=== Begin Enclosure ===
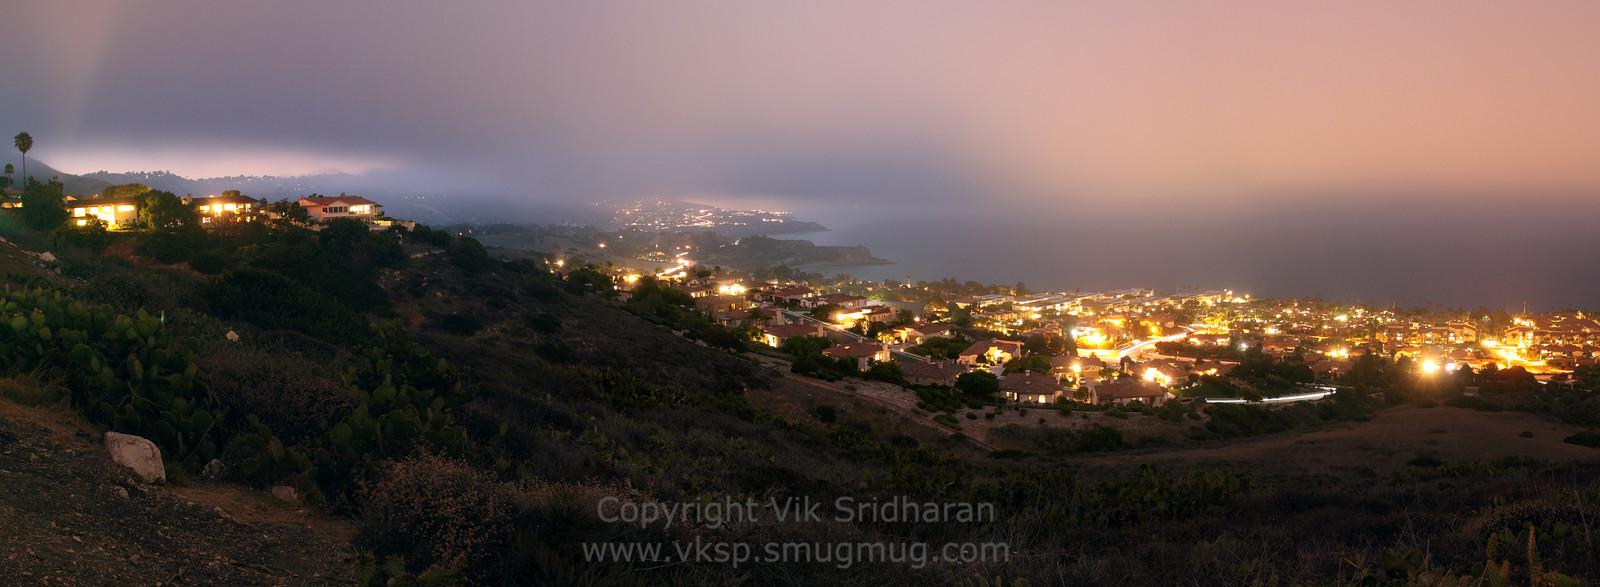 http://www.vksphoto.com/Landscapes/California/Panoramas/i-nRsbWjv/0/X3/COMPOSITE1%208-12-13-X3.jpg
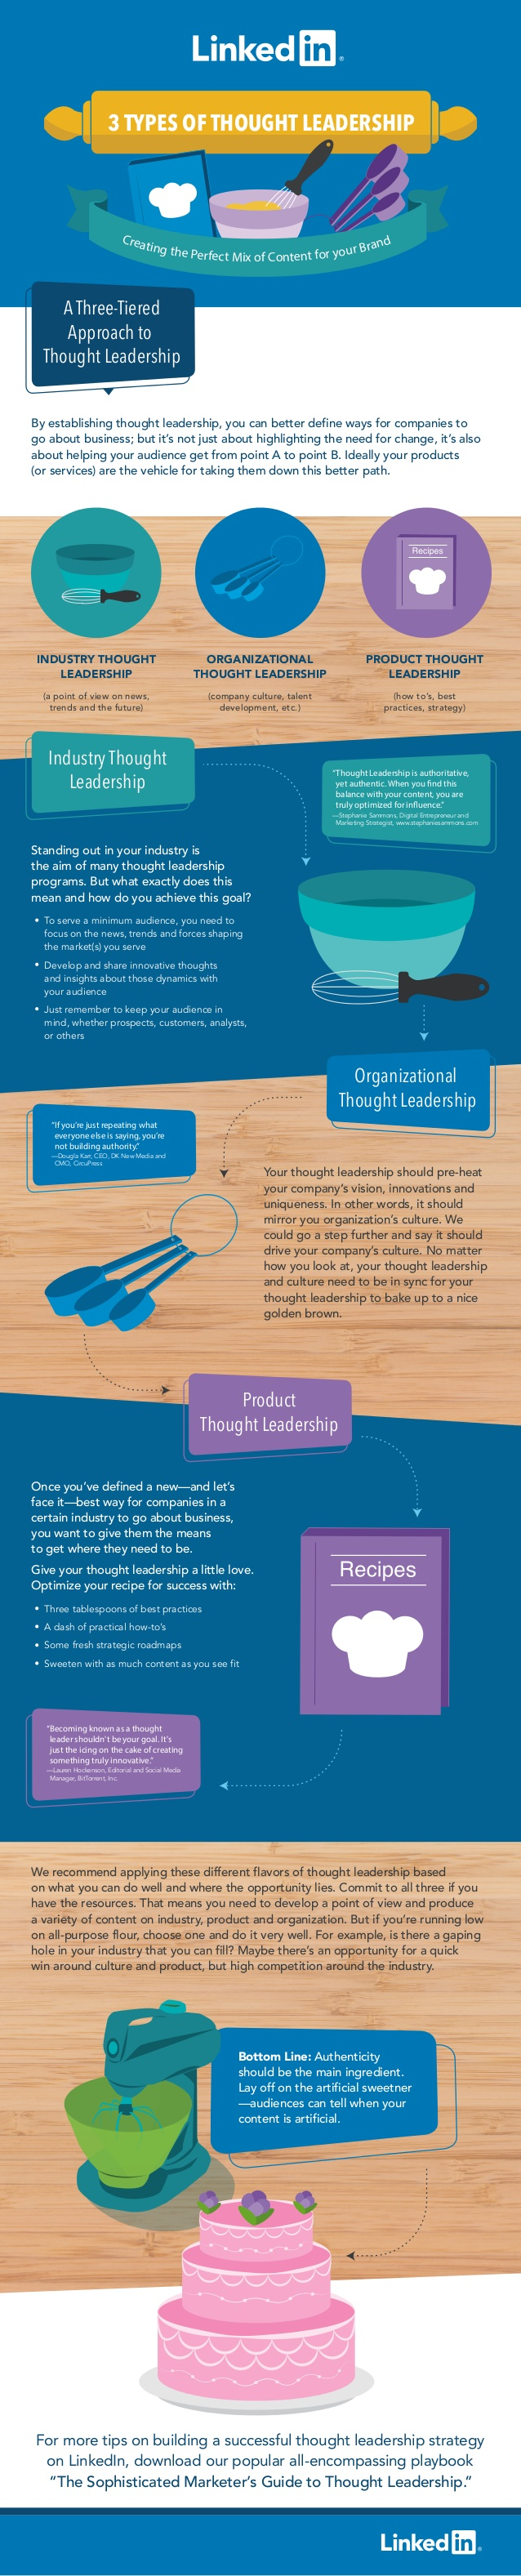 3 tipos de liderazgo intelectual
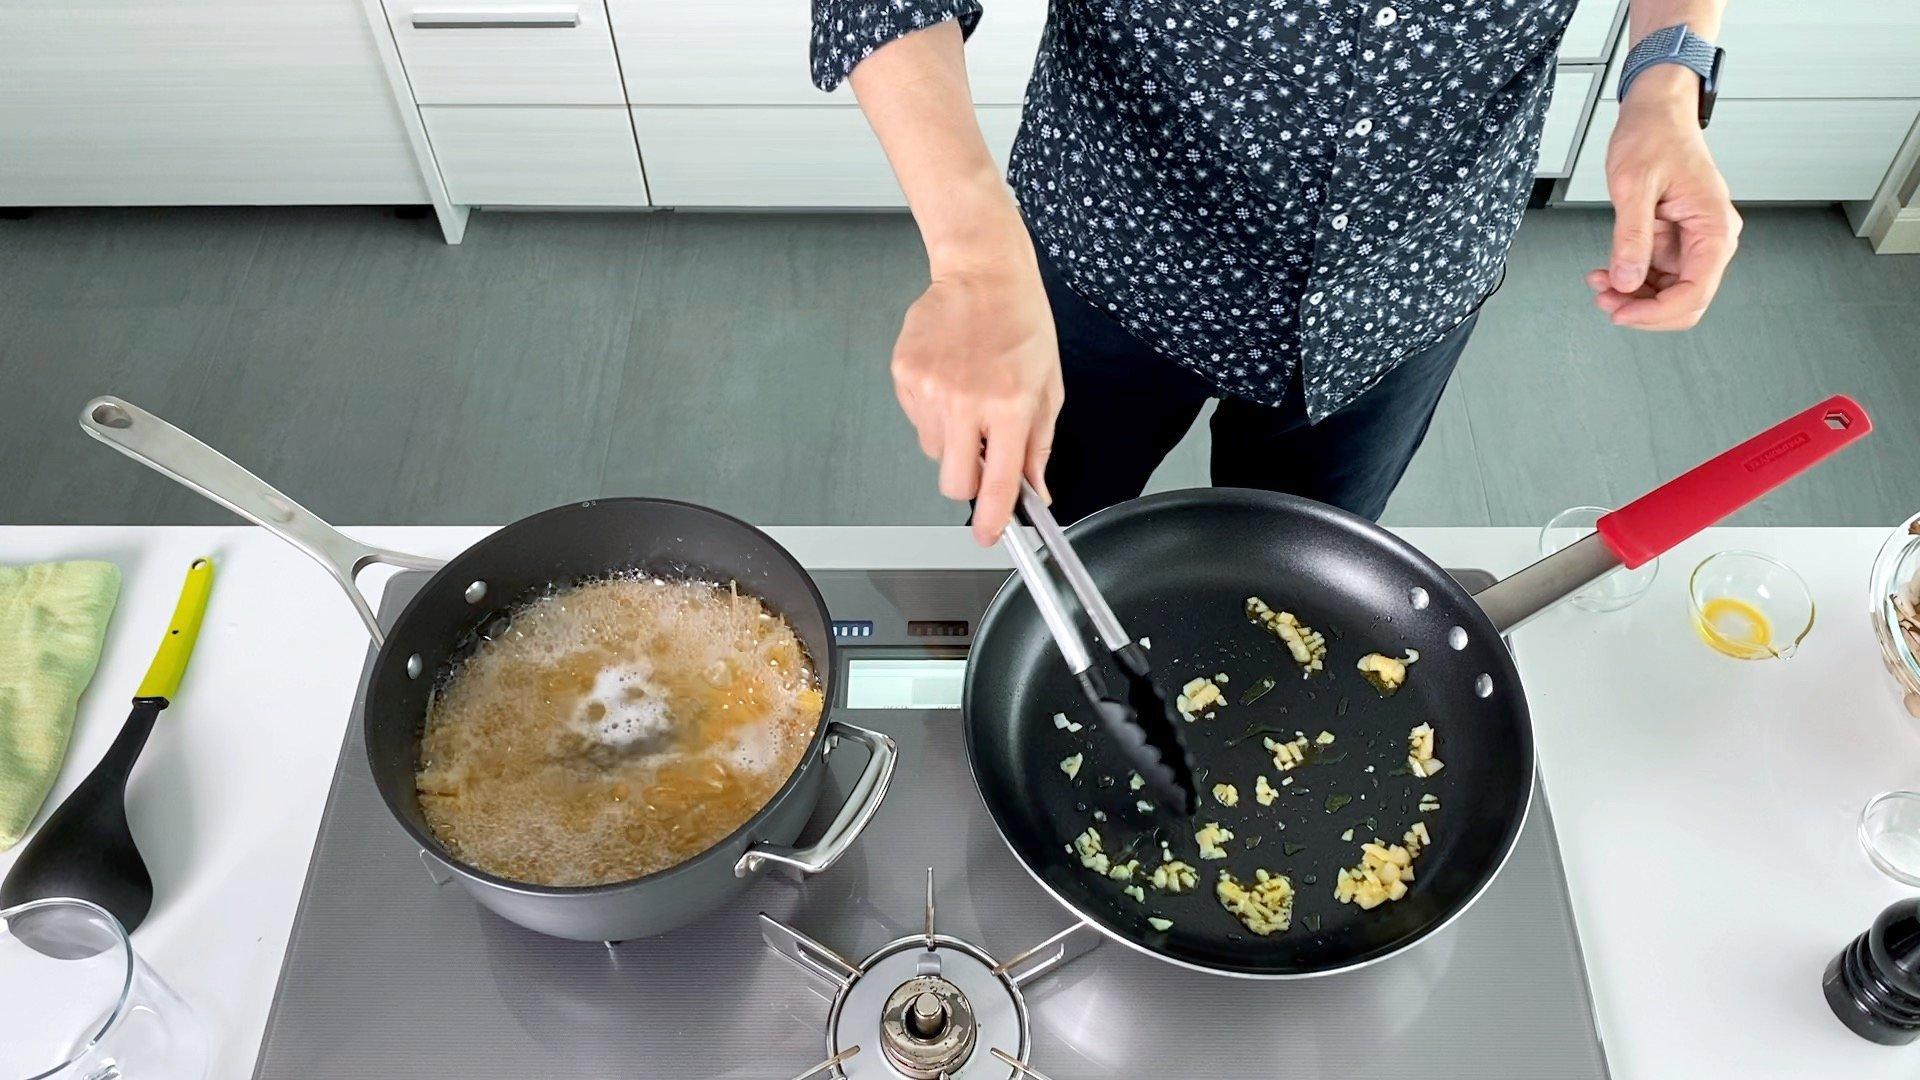 Sautéing garlic in a frying pan for pasta.
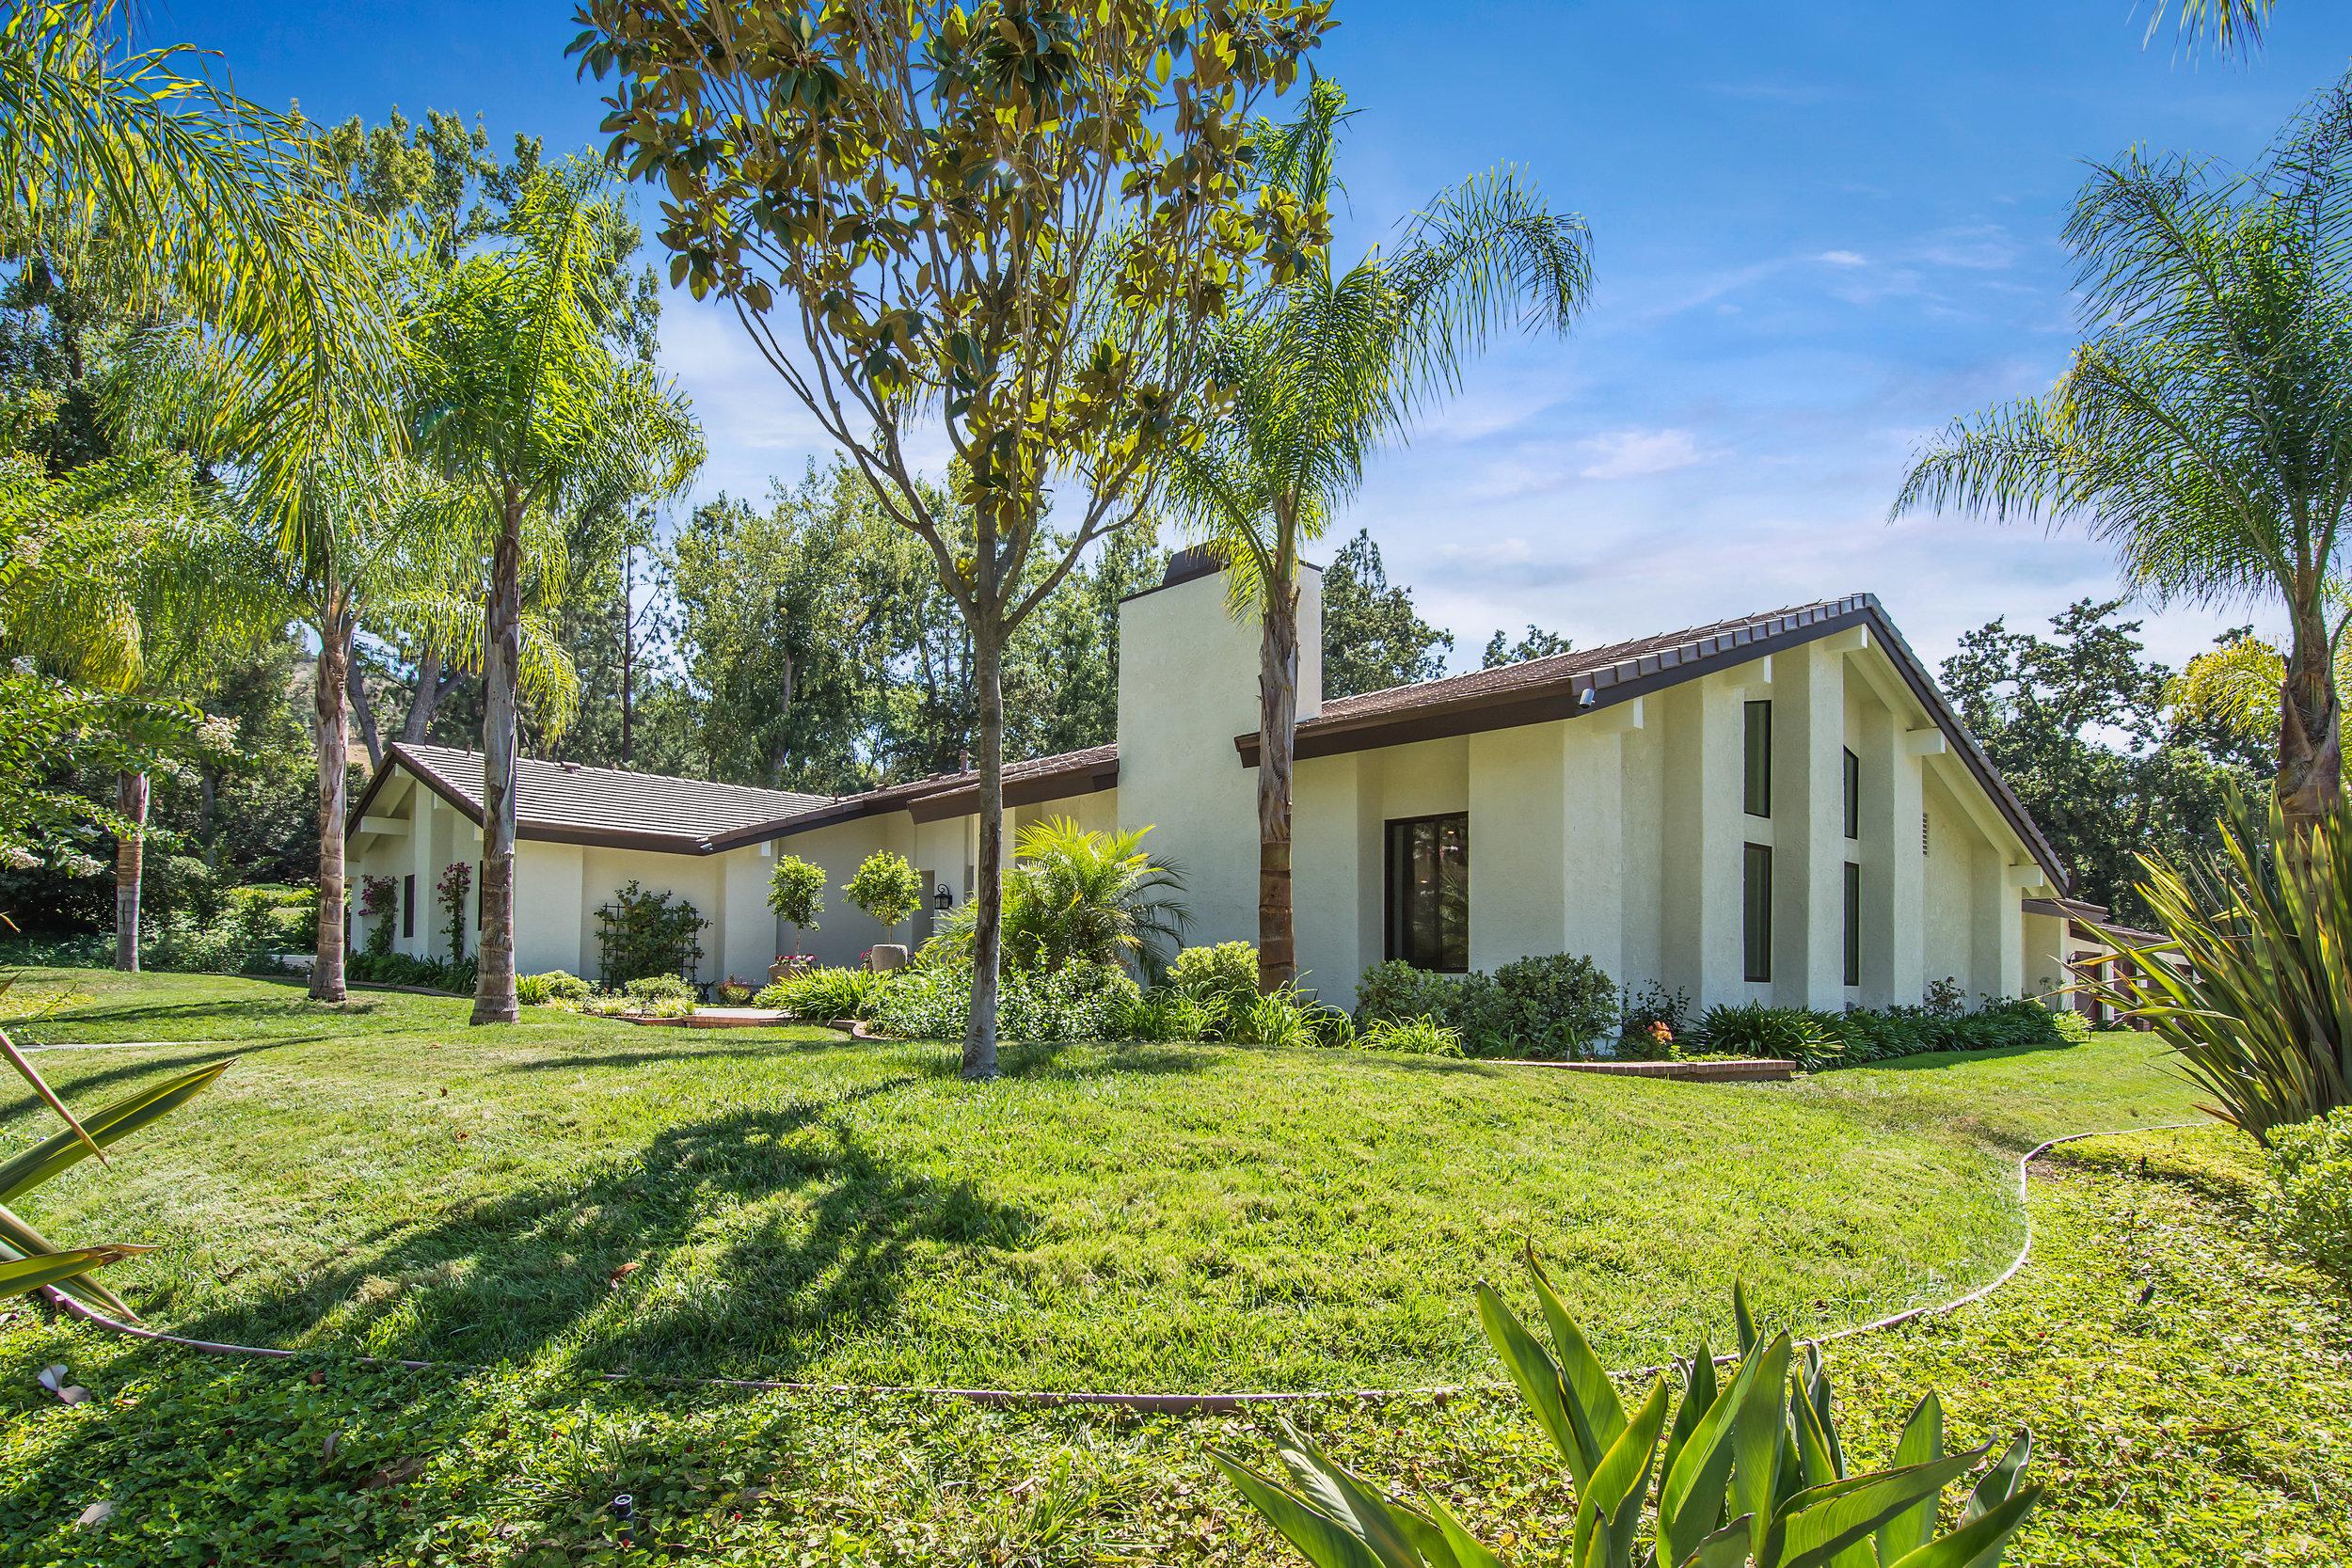 4219 Saddlecrest Lane, Westlake Village, CA 91361 - $2,248,000
=== End Enclosure ===
Give back the material word for word, leaving out its pictures.

* [Response to the exercise]
 http://www.vksphoto.com/Landscapes/California/Panoramas/i-nRsbWjv/0/X3/COMPOSITE1%208-12-13-X3.jpg
 3 tipos de liderazgo intelectual
 Sautéing garlic in a frying pan for pasta.
 4219 Saddlecrest Lane, Westlake Village, CA 91361 - $2,248,000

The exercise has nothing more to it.